Même demande est adressée à la Chambre de la part des secrétaires communaux de Habay-la-Vieille, Seloigne, Caneghem, Mont-sur-Marchienne et par ceux d'un grand nombre de communes de l'arrondissement de Nivelles.

Depuis plusieurs années les secrétaires communaux des diverses provinces se sont adressés aux Chambres législatives et au gouvernement à l'effet d'obtenir une loi qui fixe leur traitement. Les motifs exposés dans les nombreuses pétitions sur lesquelles votre commission m'a chargé de vous faire rapport, sont les mêmes que ceux qui ont fait l'objet des requêtes adressées antérieurement à la Chambre.

La plupart exposent pour appuyer leur demande que leurs attributions s'étendent considérablement et que les travaux qui leur incombent du chef de la formation des listes électorales, de nombreux états statistiques, en un mot, de tout ce qu'ils appellent la bureaucratie gouvernementale sont de nature à justifier les modifications qu'ils réclament aux (page 151) dispositions de l'article 111 de la loi communale. En d'autres termes ils prétendent avoir, à ce point de vue, une position mixte.

Votre commission, messieurs, a examiné sérieusement et avec bienveillance les réclamations dont il s'agit ; elle reconnaît que les secrétaires communaux rendent tous les jours des services importants à l'administration supérieure. Elle rend hommage au zèle et à l'activité de la généralité de ces fonctionnaires, mais elle pense qu'ils doivent être considérés comme des agents communaux. Le législateur de 1836 a voulu leur donner ce caractère, et il doit être maintenu.

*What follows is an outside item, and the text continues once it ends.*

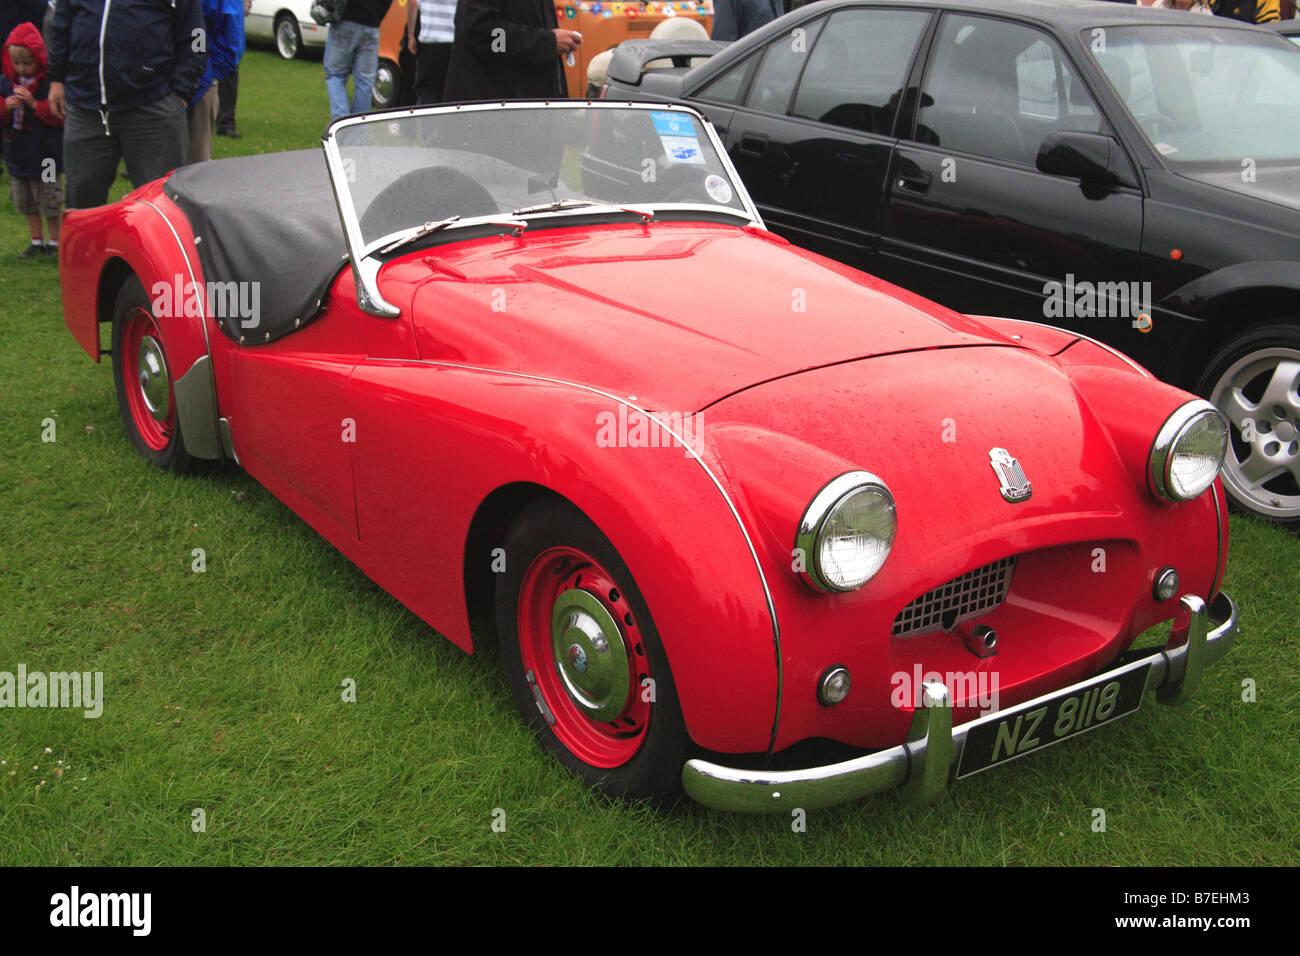 Trionfo TR2 rosso classico veicolo auto motor sport cromato convertibile inglese REGNO UNITO British oldtimer Immagini Stock

Néanmoins votre commission est d'avis que le gouvernement peut continuer à intervenir officieusement par l'entremise des autorités provinciales auprès des conseils communaux, afin d'amener ceux-ci à payer un peu mieux leur secrétaire.

Elle m'a chargé en conséquence de vous proposer le renvoi de ces pétitions à M. le ministre de l'intérieur.

- Ce renvoi est prononcé.


M. Bricoult, rapporteurµ. - Par pétition datée de Dour, le 26 mai 1865, les habitants de Dour prient la Chambre d'accorder aux sieurs Hoyois et Condroy la concession d'un chemin de fer de Frameries à Condé par Quiévrain. »

La commission propose le renvoi de cette pétition à M. le ministre des travaux publics.

- Adopté.


MpVµ. - Je propose à la Chambre de se réunir demain à 3 heures, afin de permettre aux sections centrales d'activer leurs travaux.

- La séance est levée à 4 1/2 heures.